One of my favourite authors is Christopher Moore, and I added another of his titles to my ‘read’ pile with Fluke — an amusing and surprising tale/tail that takes the reader beneath the sea. His work is zany in an intelligent way. All his books have his familiar style yet in another sense they could be called multi-genre as one may be about god, whales, zombies, or some voodoo queen on a mysterious isle. You kind of have to appreciate touches of Douglas Adams to like C.Moore. Fluke is about marine behavioural biologist, Nate Quinn, and begins on the day he sees a whale lift its tail to reveal the words ‘Bite Me’ on its flukes. It completely had me going and guessing and even when I thought I had it figured out, the truth was even more bizarre. Great fun.
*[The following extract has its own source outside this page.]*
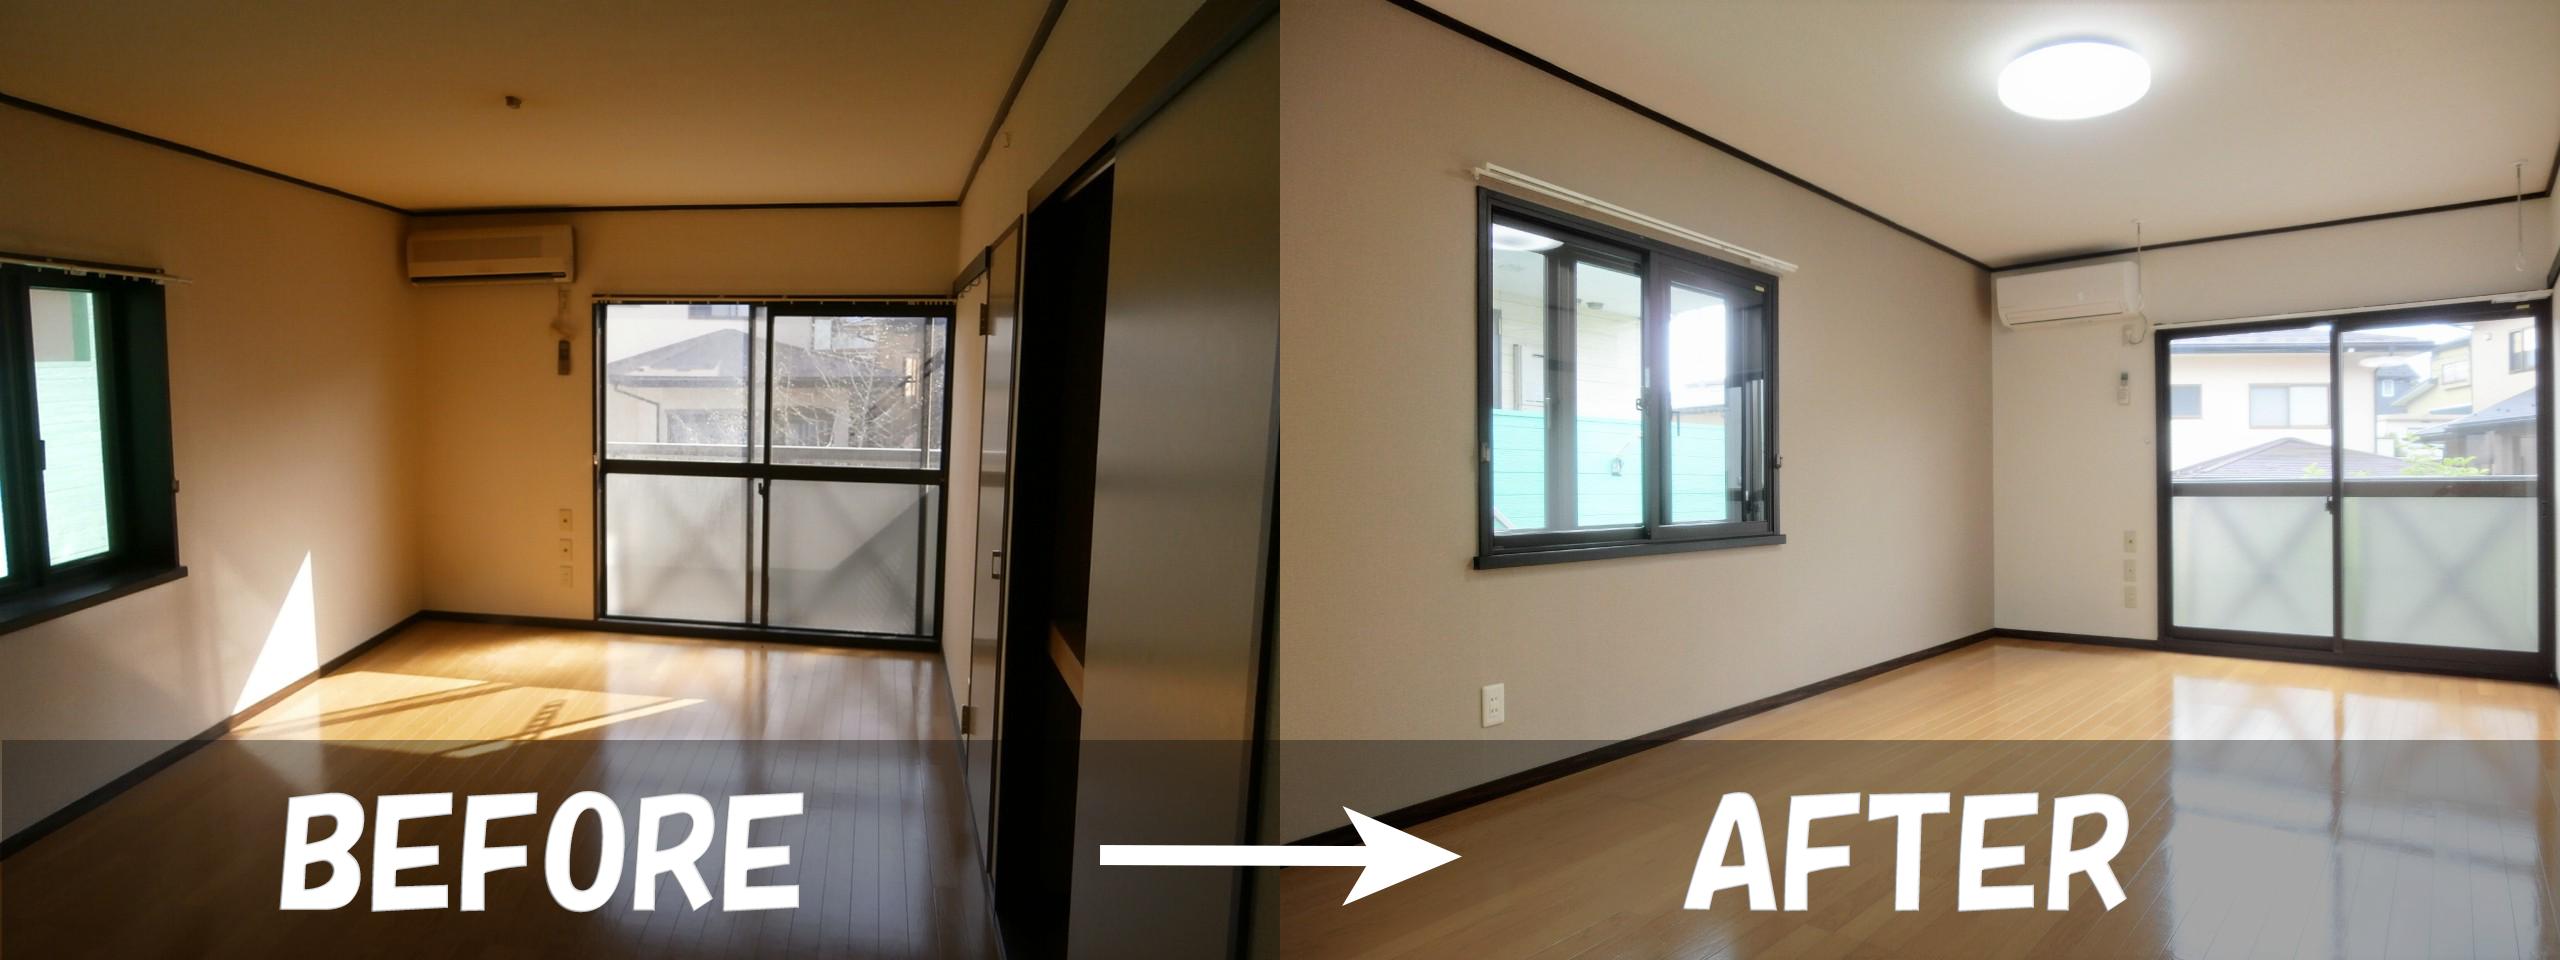 入居者が決まらないボロアパートをリフォームするコツと、安い費用でリノベーションする方法を解説!

I’ve loved The Dark Tower series by Stephen King; however, while The Wind Through the Keyhole was a pleasant read, but I cannot say it adds to the series in any particular way. One for the fans of Roland’s quest.

I picked up a signed copy of The Winter Ghosts, by Kate Mosse and was really looking forward to it. I admire the weaving of this tale from the research, but it felt too short, and from the blurb I expected something with more emotional attachment and just ‘bigger’ somehow. Don’t think I’m giving much away to say pleasant, somewhat historically interesting, but lightweight ghost story. A case of the blurb outshining the contents more than a little, making for higher expectations.

I finished the year and began the next with Under The Dome, by Stephen King It’s the sort of book he does so well and the perfect example of why I don’t think of him as a horror writer. His books are very character driven and apart from the paranormal aspect of this book (the dome itself) it’s very mainstream. The internal politics of the town, the way some characters hold it together in the face of adversity or turn on each other, even commit murder was very well done. It’s a lovely piece of writing. I was impressed with the research and then laughed when King admits in the back that he asked someone to help him with that. Anyone who likes crime or mysteries might also like this book. I was a little disappointed in the ’cause of the dome’ but I couldn’t see any other possible explanation he could have used. King tends to say some stories are about the journey rather than the destination, and I agree. This is all about the people in the town. Having since seen the first two episodes of the series, my advice is read the book.